Brief: Beginning with the line that holds "Candelamoa parrotfish at a cleaning station" and ending with the last line below, please copy every line exactly, add nothing, and leave out the pictures.

Stored data:
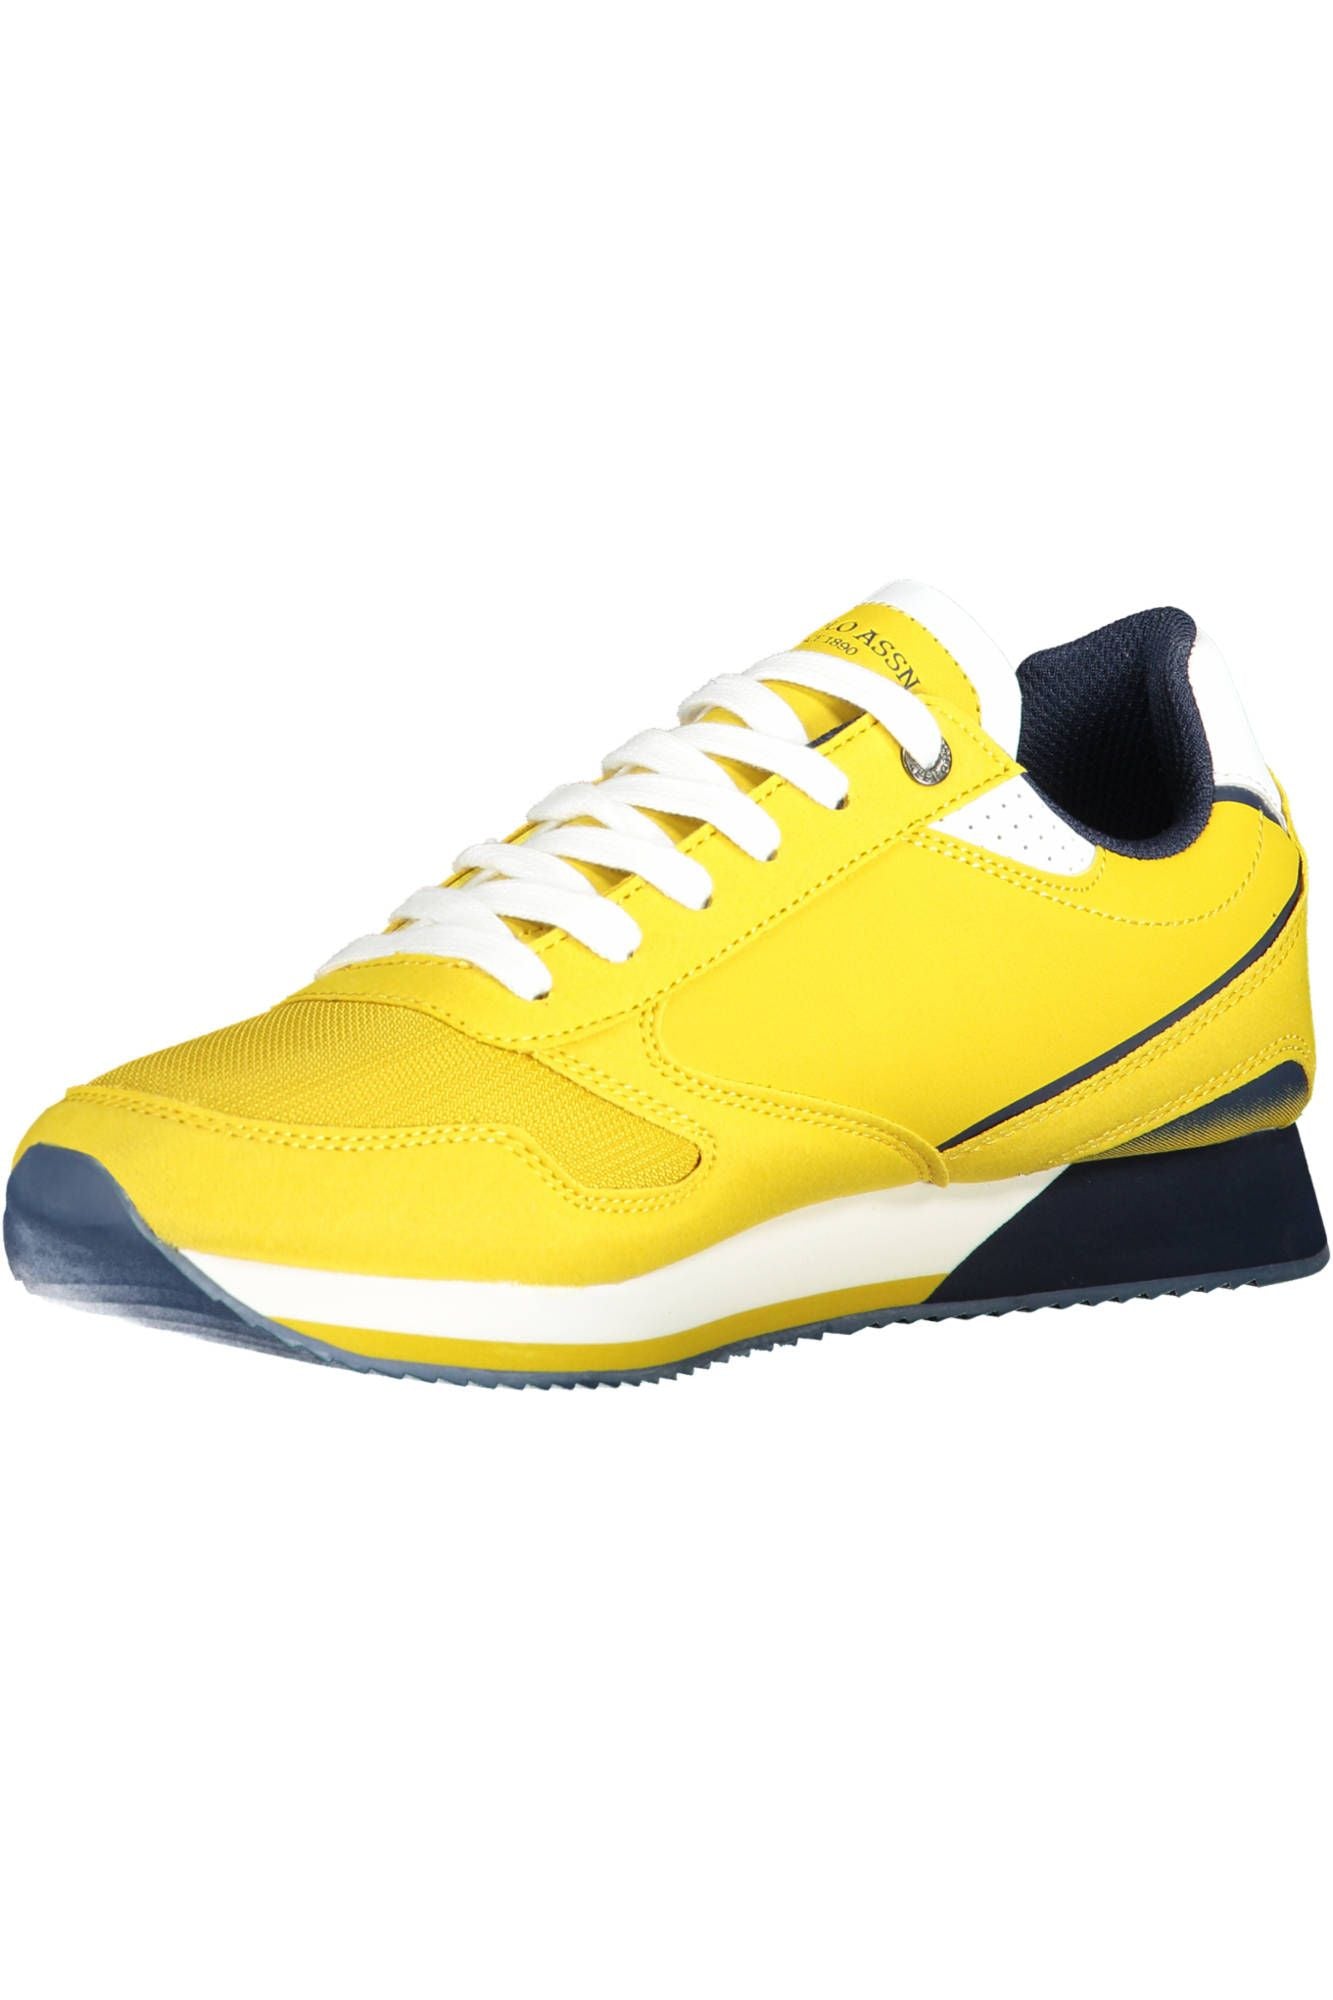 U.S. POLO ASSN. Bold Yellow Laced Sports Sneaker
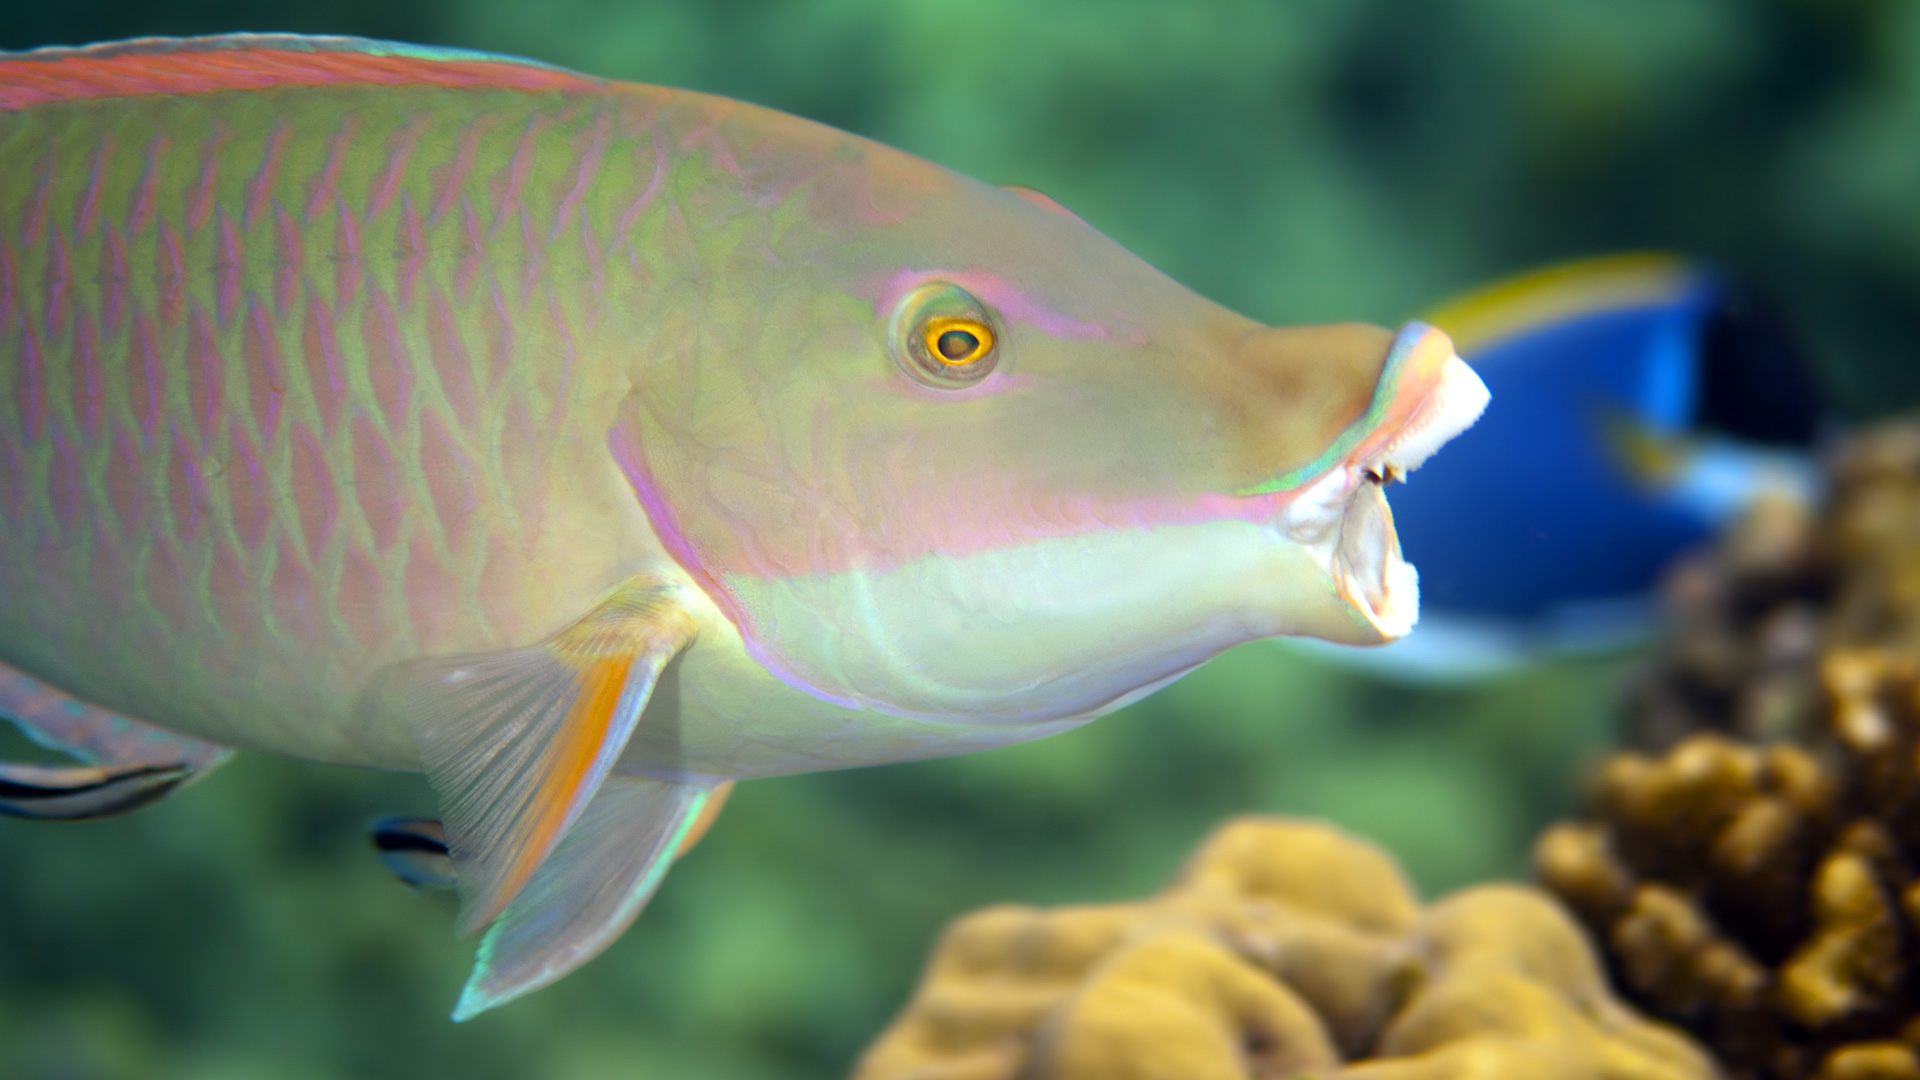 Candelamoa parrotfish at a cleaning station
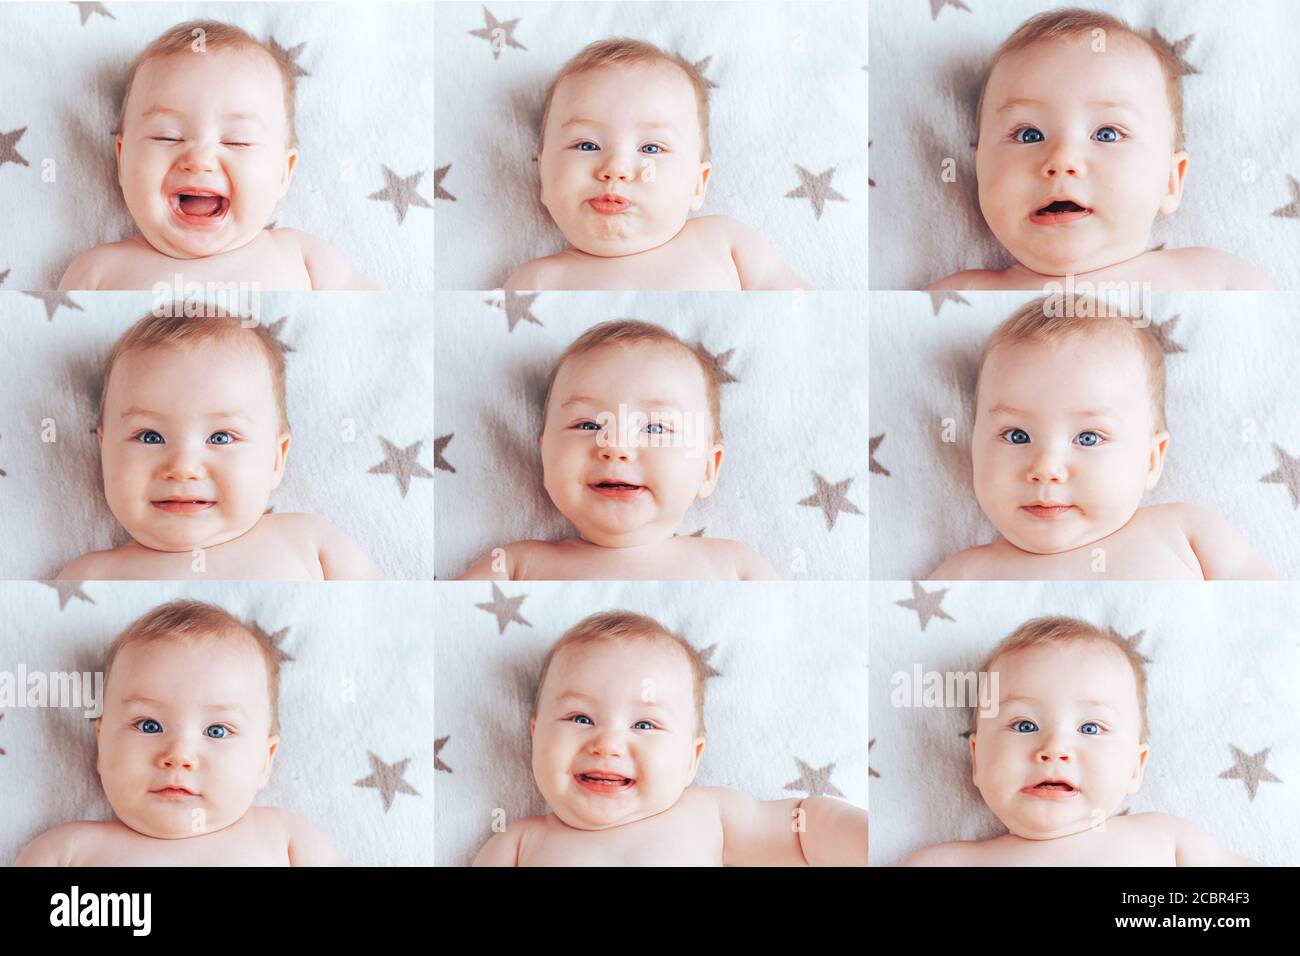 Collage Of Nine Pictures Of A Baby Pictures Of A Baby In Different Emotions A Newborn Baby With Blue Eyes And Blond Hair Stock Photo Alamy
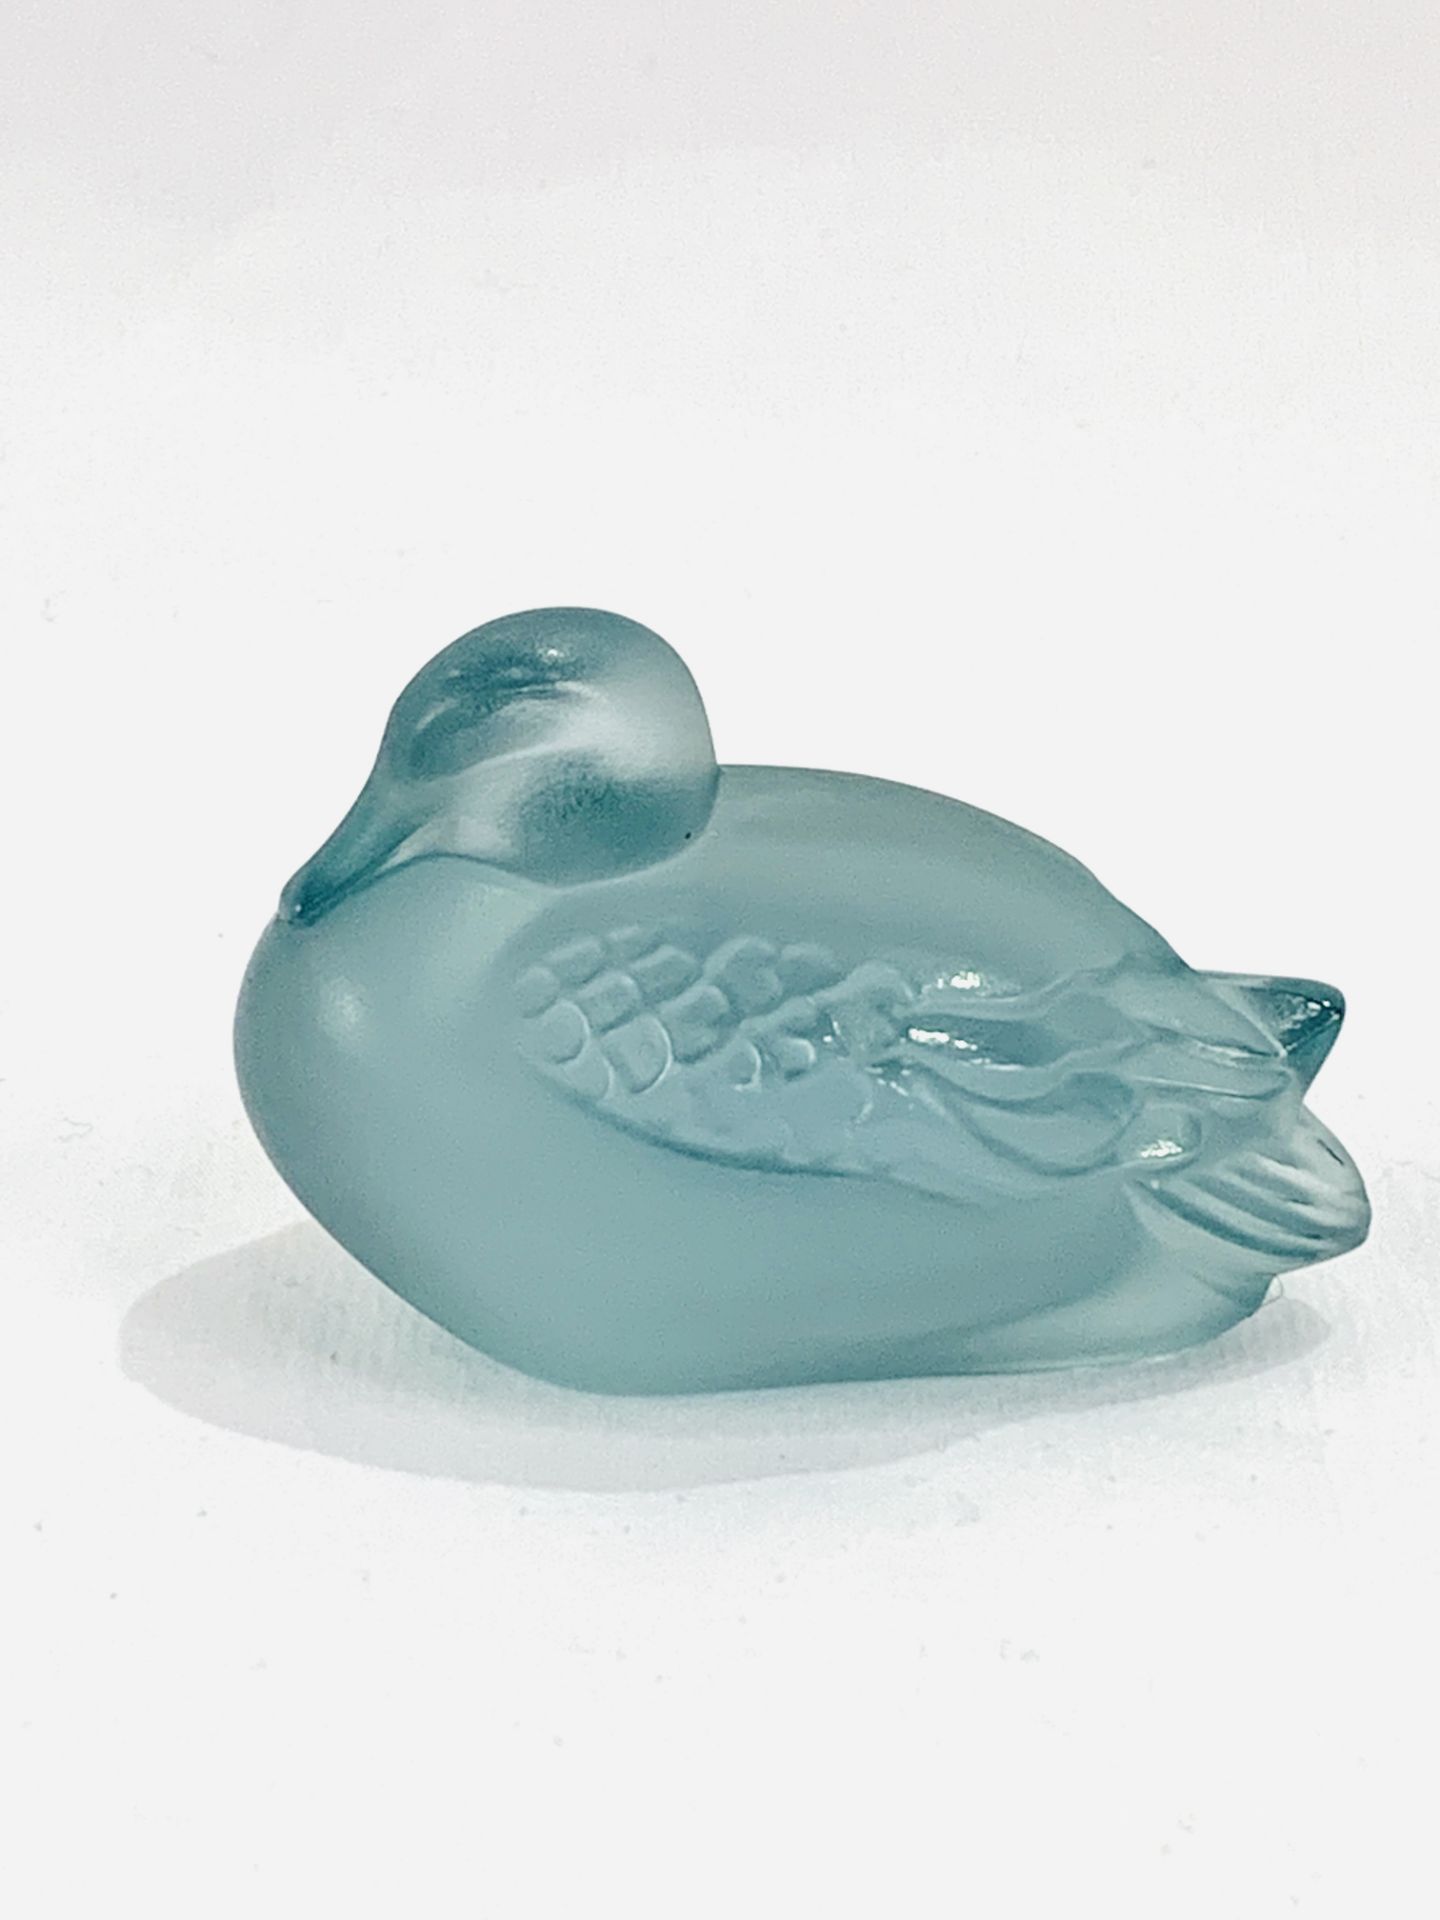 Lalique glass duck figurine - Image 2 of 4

Your solution:
 Candelamoa parrotfish at a cleaning station
 Collage Of Nine Pictures Of A Baby Pictures Of A Baby In Different Emotions A Newborn Baby With Blue Eyes And Blond Hair Stock Photo Alamy
 Lalique glass duck figurine - Image 2 of 4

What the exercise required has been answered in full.